EXERCISE AIM: Using the listing below, copy exactly each line from the one that has "Gloss Black Front" through the one that has "von Paul Klee"; omit the pictures.

RECORDS SHOWN:

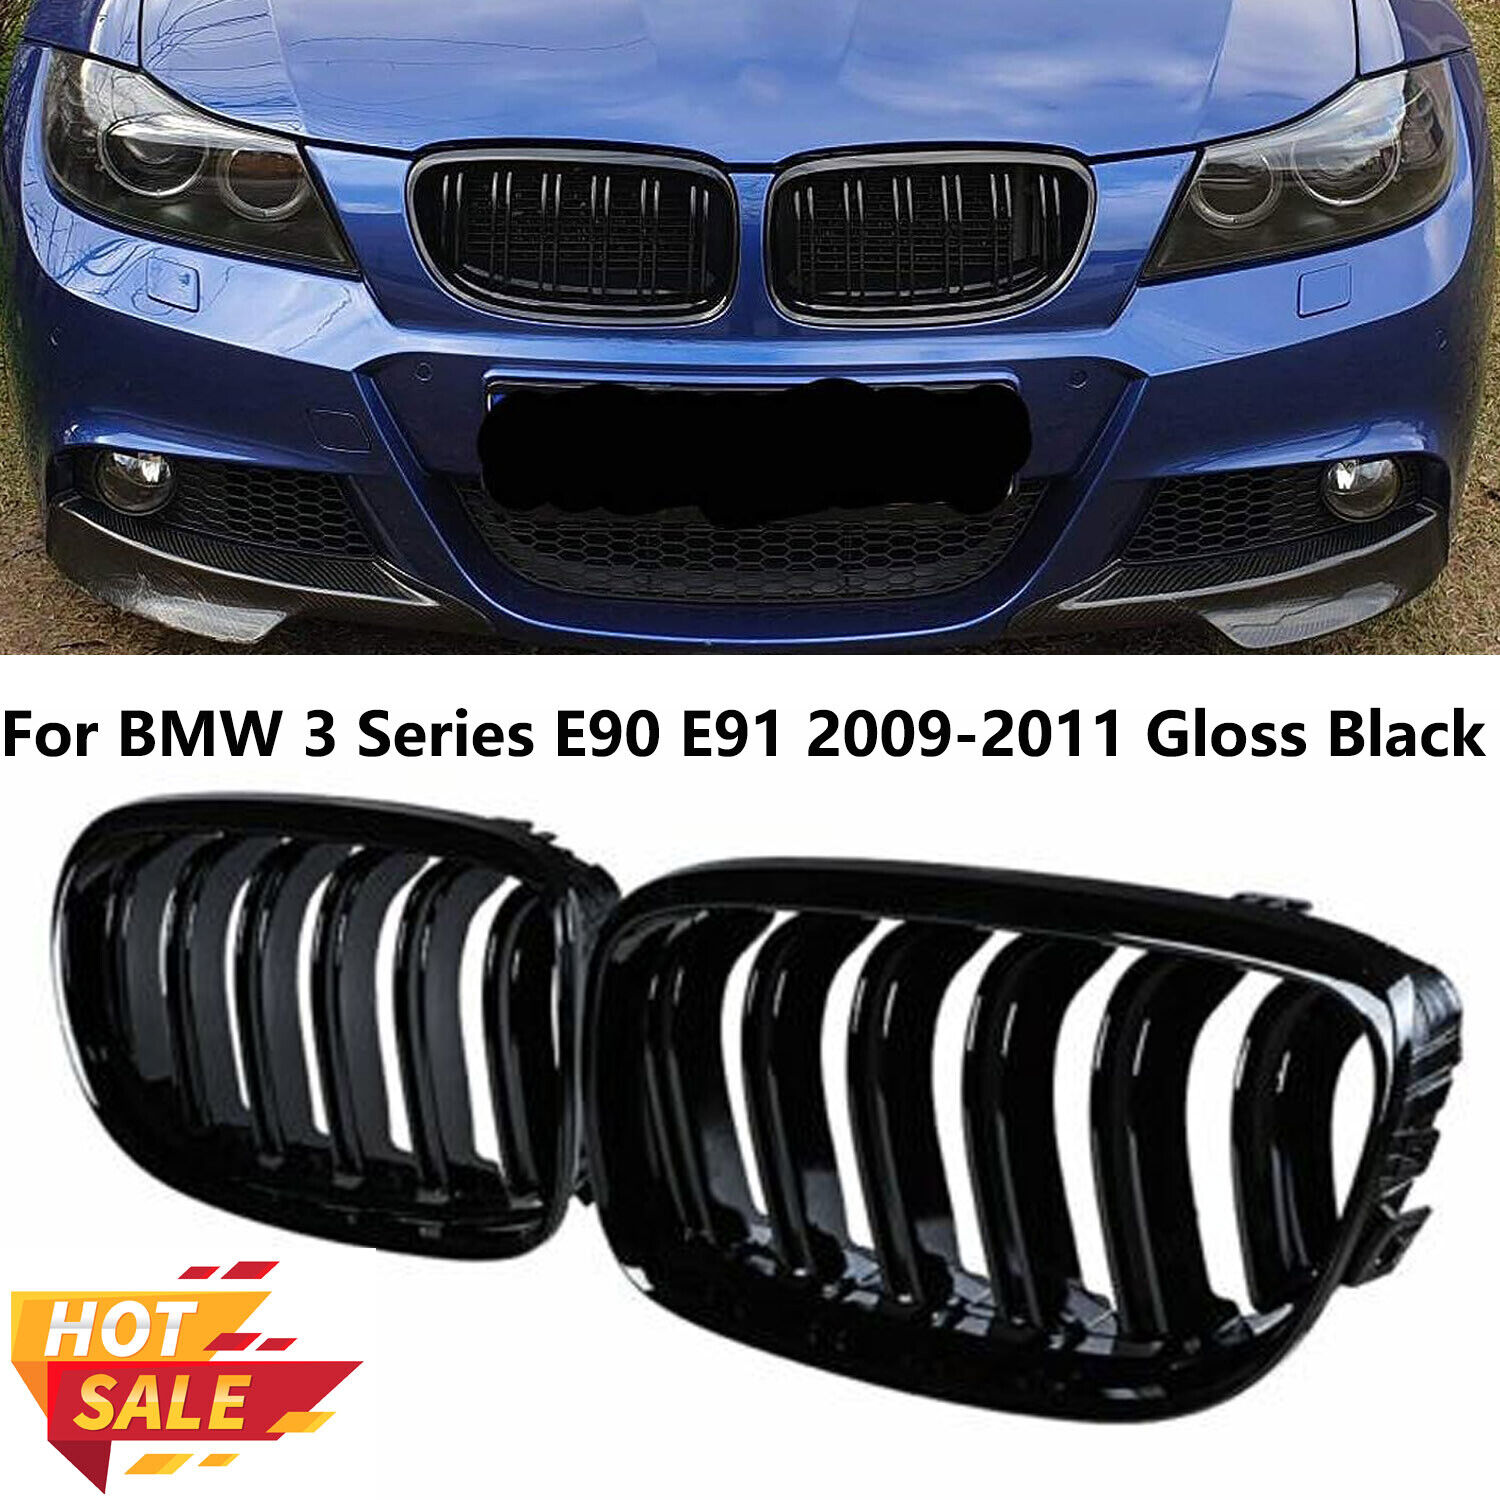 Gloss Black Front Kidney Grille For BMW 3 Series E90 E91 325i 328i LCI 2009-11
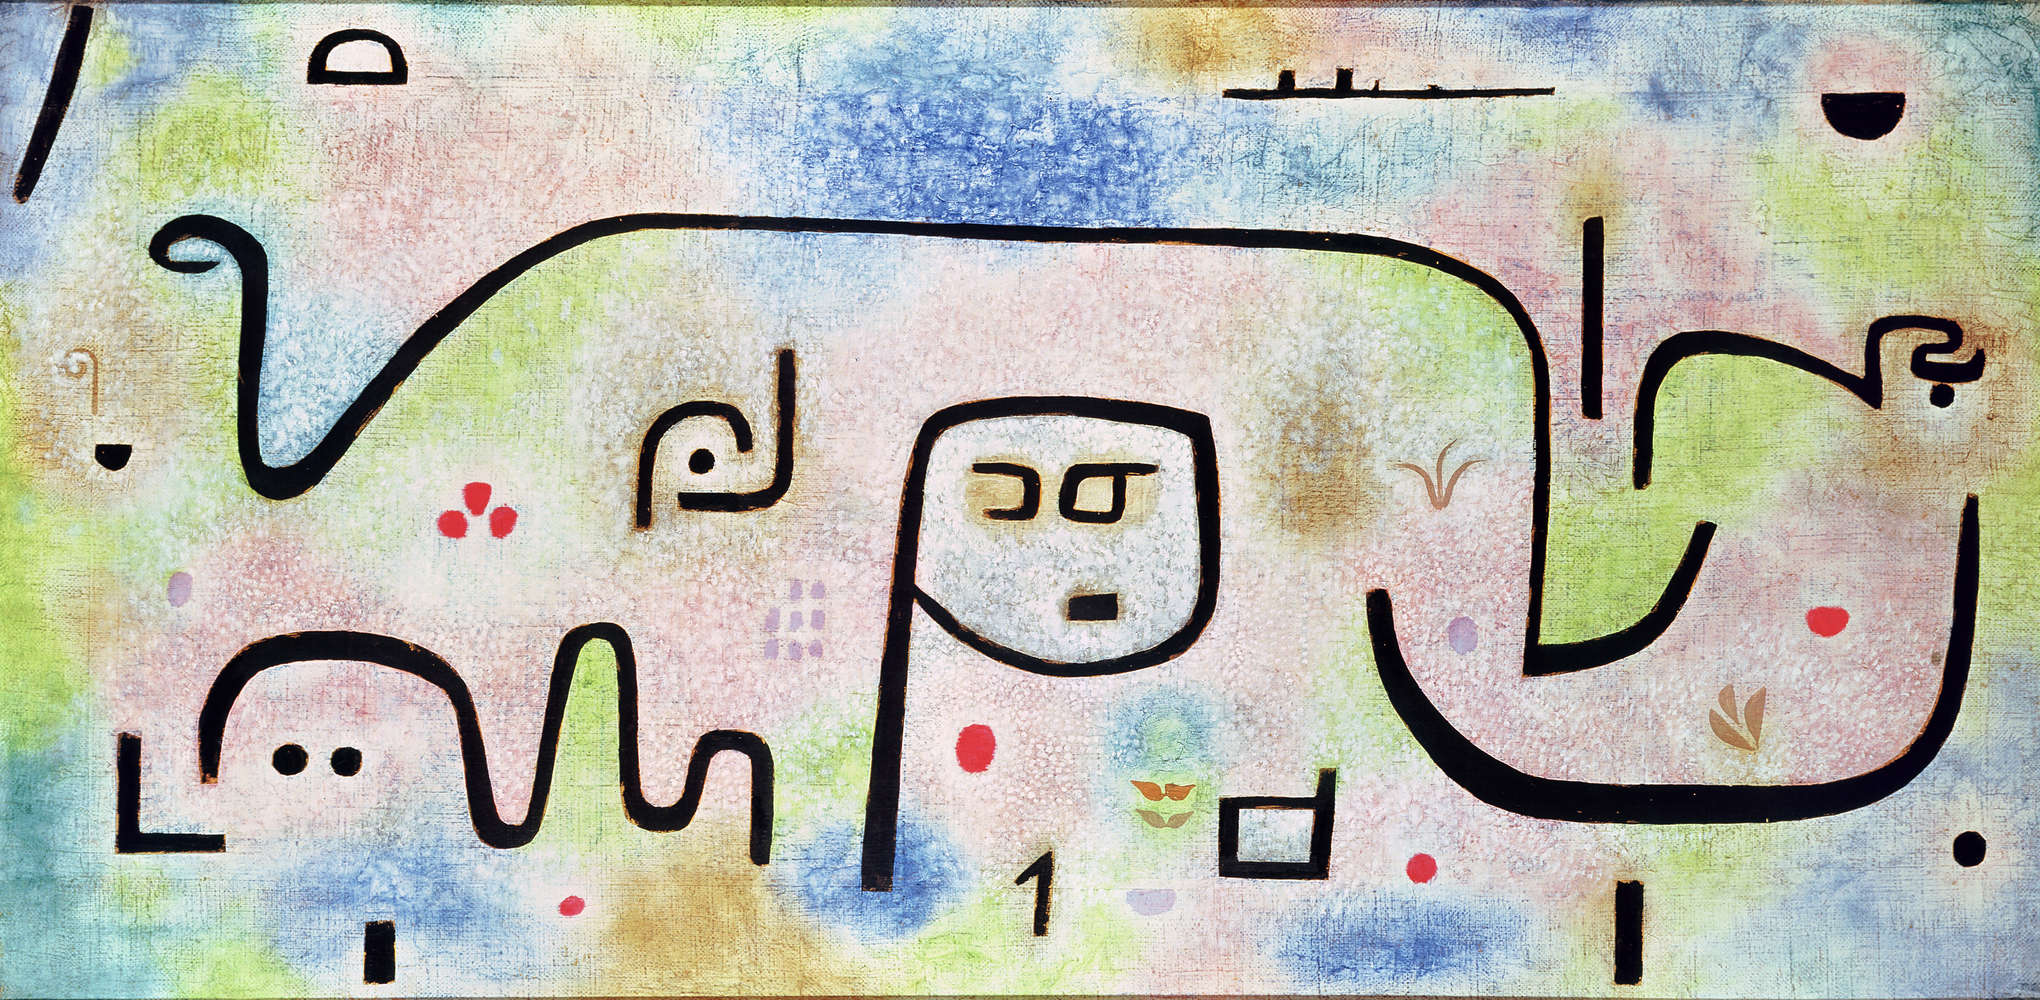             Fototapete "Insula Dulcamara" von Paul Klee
...
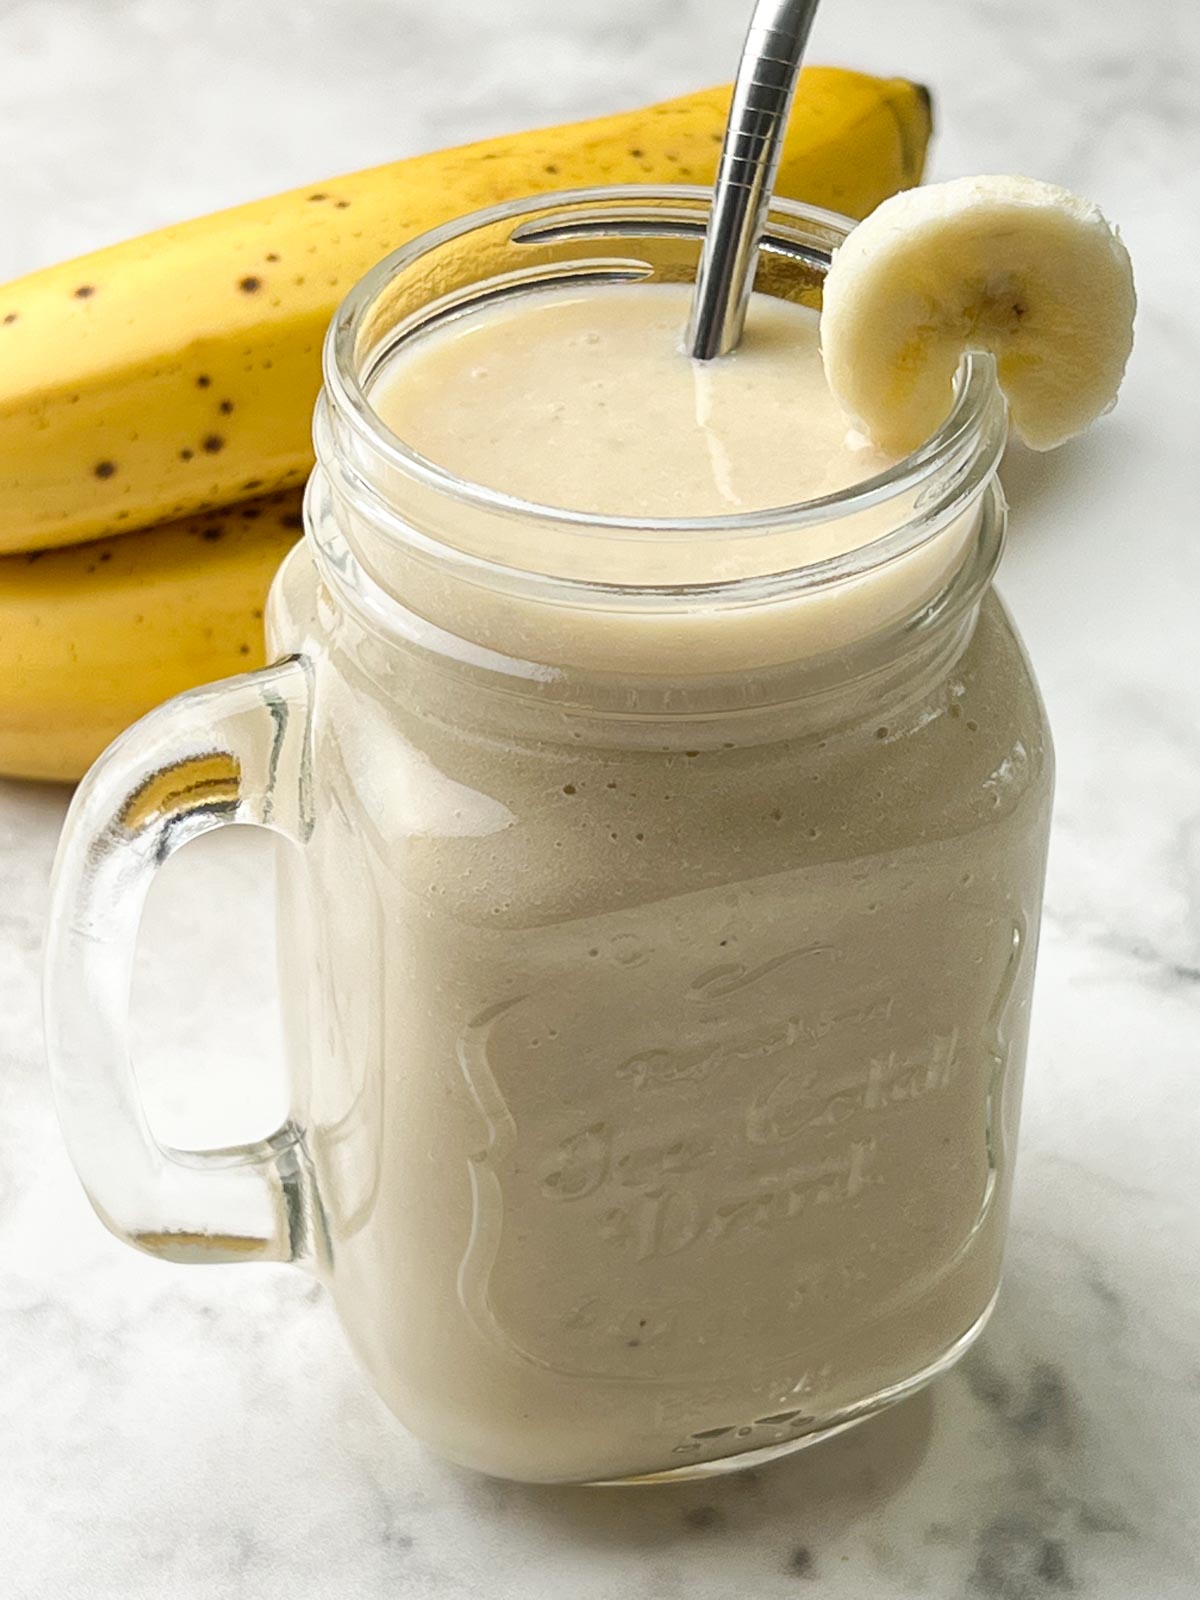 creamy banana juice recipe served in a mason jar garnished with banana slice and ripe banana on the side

REPLY TO THE EXERCISE:
 Gloss Black Front Kidney Grille For BMW 3 Series E90 E91 325i 328i LCI 2009-11
             Fototapete "Insula Dulcamara" von Paul Klee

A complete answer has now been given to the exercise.